The other processor is 49-qubit superconducting quantum test chip, codenamed “Tangle Lake”. If you don’t recognize, it’s named after a chain of lakes in Alaska, that implies quantum processors require extreme cold temperatures to function.

Intel is trying to drive the exponentially increasing demand of computing performance with new specialized architectures. Let’s elaborate these two architectures and related research.

Loihi – Processor That Mimics Brain

Intel’s CEO showcased the research company has done in neuromorphic computing – a new computing approach inspired by how brain functions. In order to make artificial intelligence and machine learning more efficient Loihi merges training and inference on a single processor.

Just like animal/human brain, the Loihi connects up neurons to get together and it changes the connectivity between neurons.

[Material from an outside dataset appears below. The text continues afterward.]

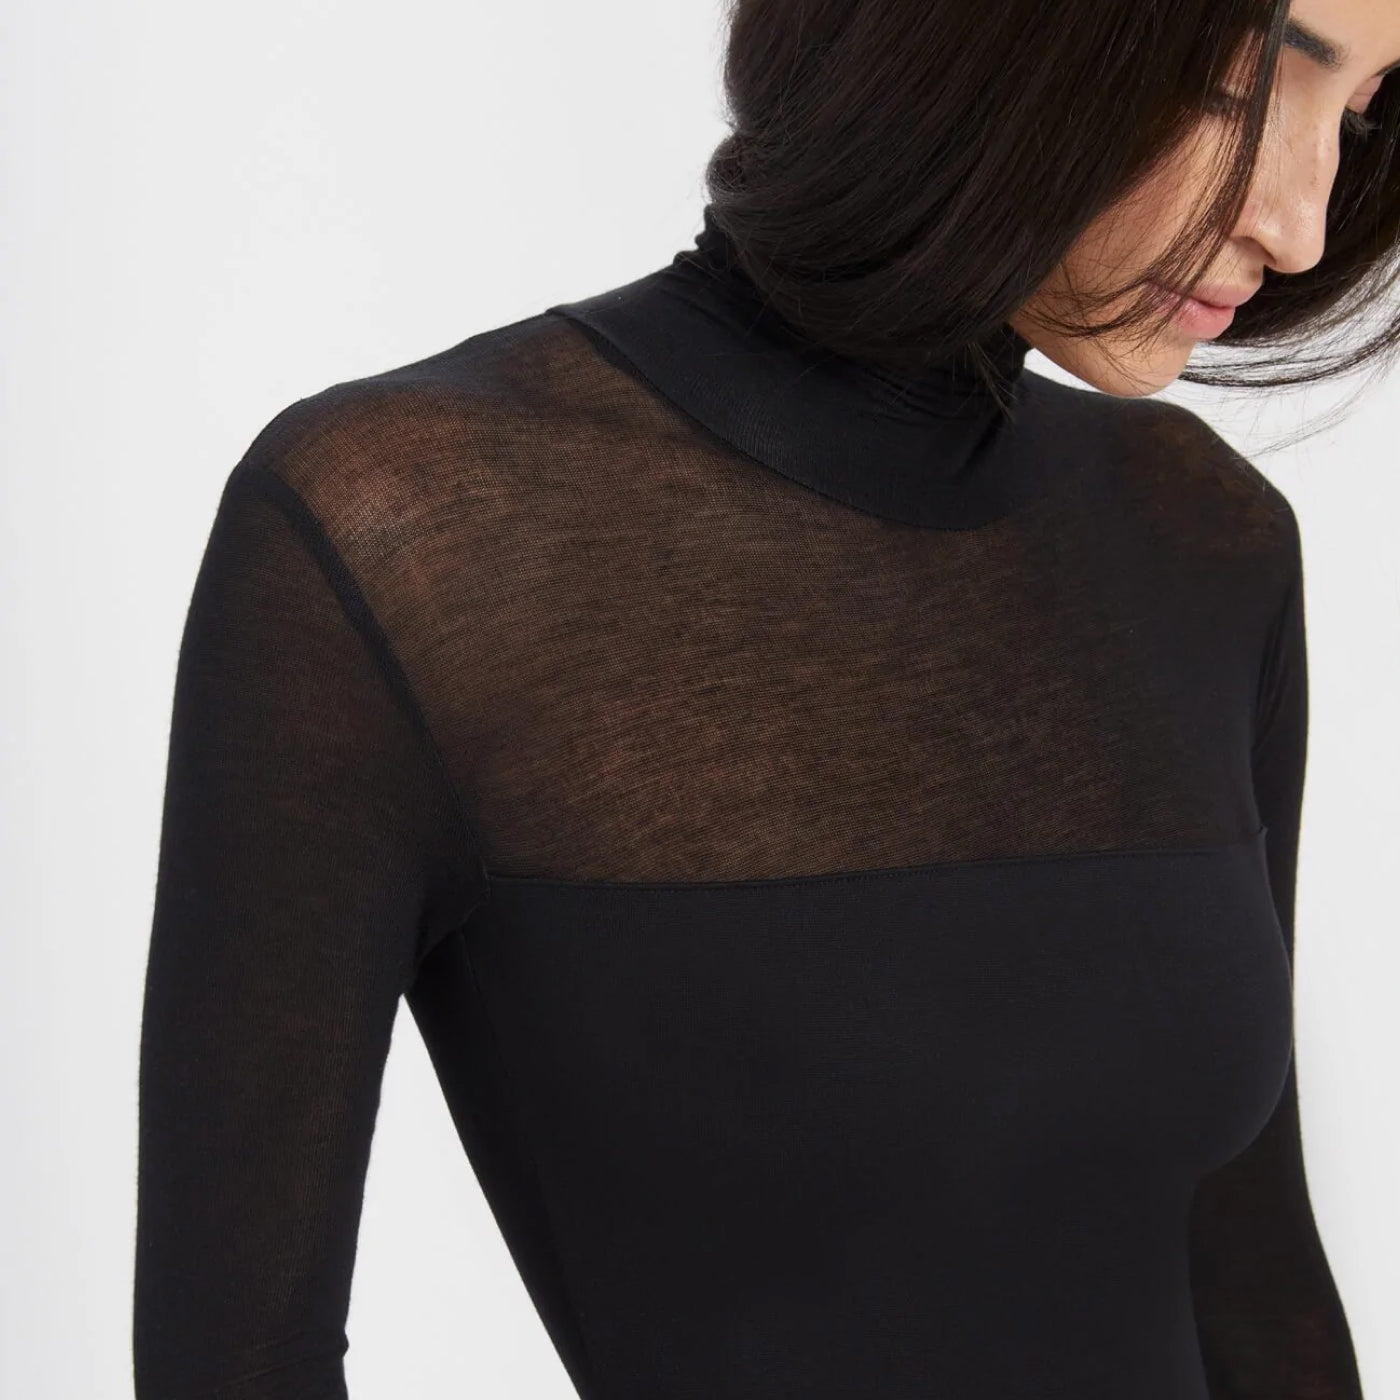 Five Ways To Style A Black Turtleneck | Marcella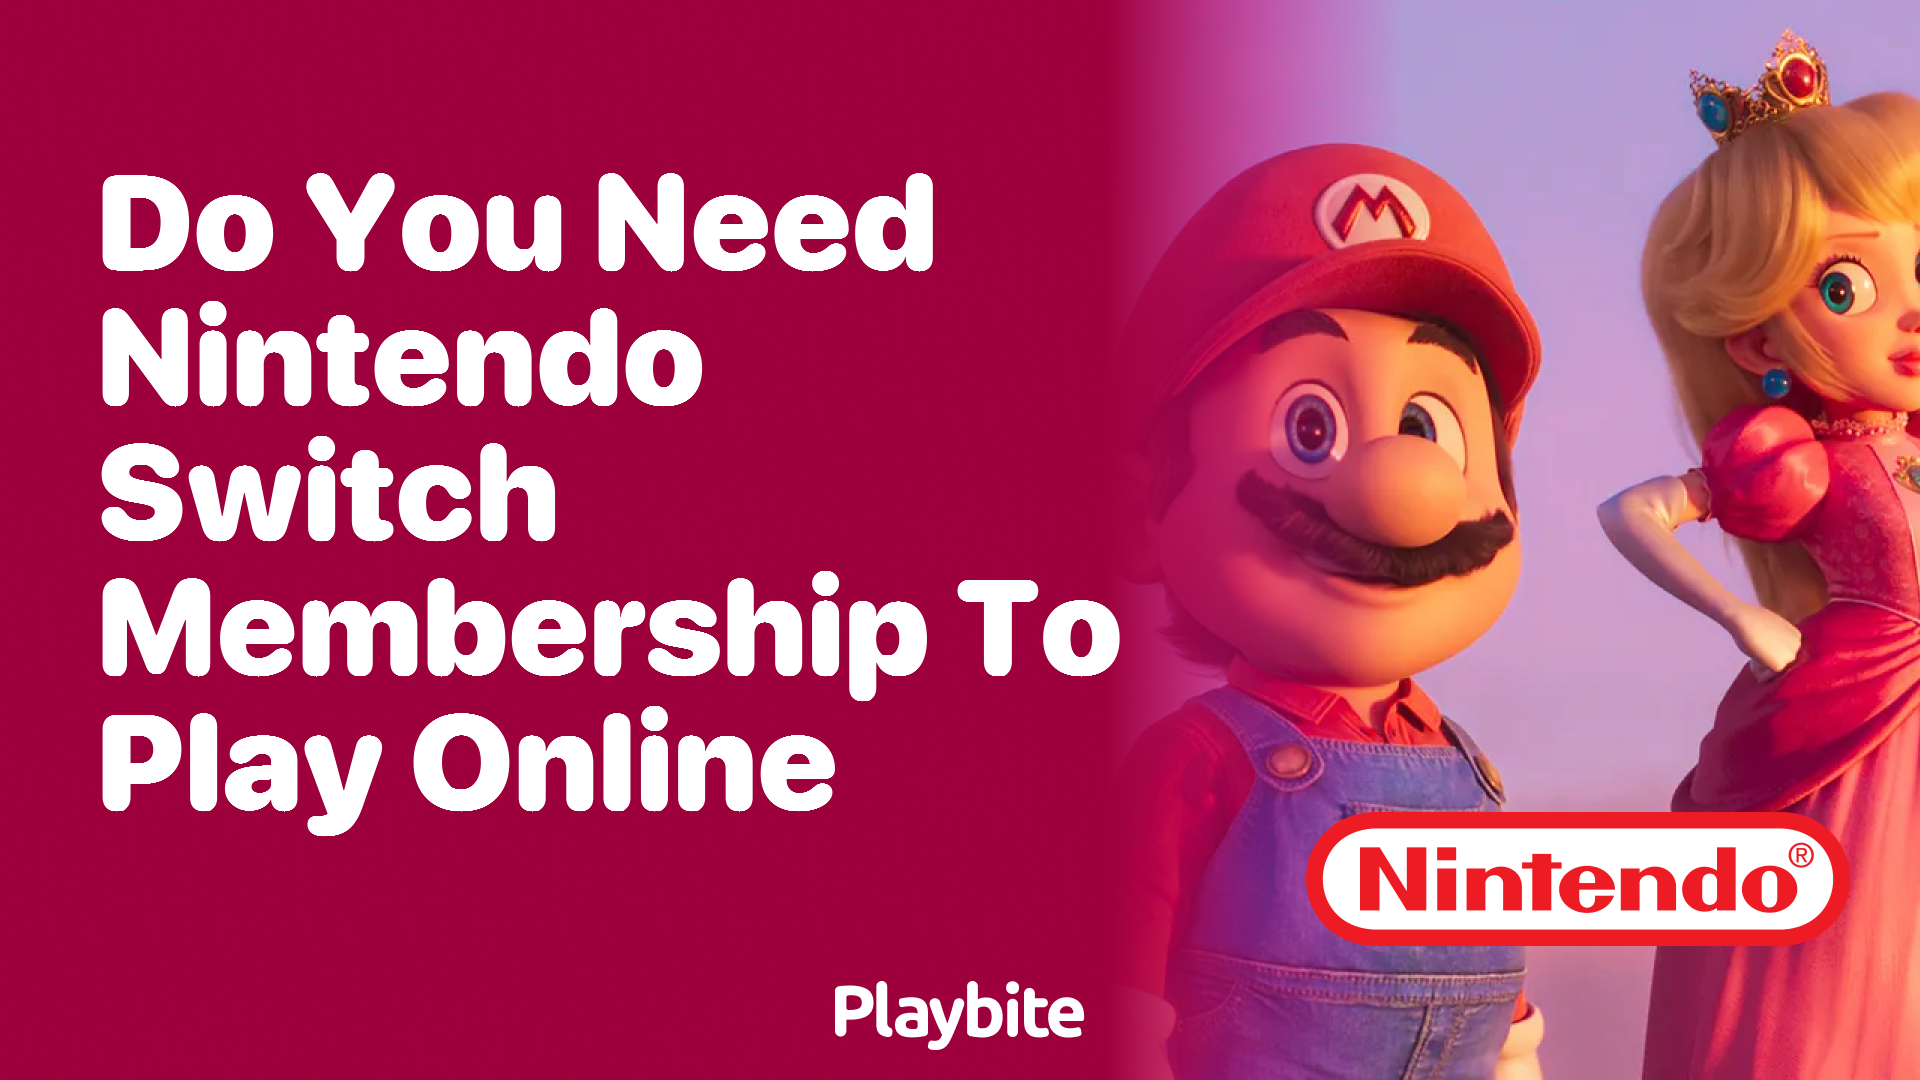 Do You Need a Nintendo Switch Membership to Play Online?

What Loihi gives you is the capabilities to develop a network, feed in data and then it’ll change the network as you proceed and learn, and it will tell you what the result is – online, at the edge, consuming low power.


  • Completely asynchronous neuromorphic mesh supports different hierarchical, sparse and recurrent neural network topologies, where each neuron can communicate with thousands of other neurons.
  • Each core has a learning engine which could be programmed to dynamically adapt network parameters, supporting reinforcement, supervised and unsupervised learning approaches.
  • A total of 130,000 neurons and 130 million synapses fabricated on 14 nanometer process technology.
  • Development and testing of numerous algorithm with high efficiency for problems, like constraint satisfaction, dynamic pattern learning, path planning, dictionary learning, sparse coding and more.

Self-learning neuromorphic research chip

The processor could be used anywhere real world information needs to be handled in ever-growing realtime environments. For instance, it will be capable enough to enable smarter security cameras, augmented/mixed reality devices and autonomous vehicles communicating in realtime.

As of now, Intel has fully functioning neuromorphic research processor and they aim to share the prototype with leading research institutions (while applying it to more complicated problems and data structures) by the end of the 2nd quarter of 2018.

Tangle Lake – Superconducting Quantum Test Chip

In October 2017, Intel delivered a 17-qubit superconducting chip with advanced packaging, and now, just 3 months later, they have unveiled a 49-qubit quantum test chip that represents the impressive progress towards their objective of developing a fully functional computing system – from control electronics to algorithms.

It’ll likely require one million or more qubits to achieve commercial relevance. The quantum computing will solve problems that typically take today’s most powerful supercomputers months to resolve, like financial modeling, drug development and climate forecasting.

49-qubit quantum computing test chip

The qubits architecture involves loops of superconducting metal, which require extremely low temperature of nearly 20 milliKelvin to function.

In the last couple of years, the race of building quantum computers among the tech giants has gotten pretty interesting. In November 2017, IBM scientists stated that they had developed a 50-qubit quantum chip prototype. In the same year, Google talked about its goals to build a 49-qubit superconducting quantum chip. But it is still going to be a long way before they develop a full-scale quantum machine. Intel’s roadmap suggests they could achieve 1,000 qubit system within 5-7 years.

Read: 10+ Most Interesting Facts About Quantum Computers

Intel is also investing big in researching spin qubits in silicon. Since they’re much smaller than superconducting qubits, they could’ve a scaling benefit. Basically, spin qubits resemble a single electron transistor -= similar to traditional transistors  — that could be manufactured with comparable techniques. So far, Intel has developed a spin qubit fabrication flow on 300 millimeter process technology.

Neither neuromorphic nor quantum computing is going to replace general purpose computers, but they are supposed to enhance it.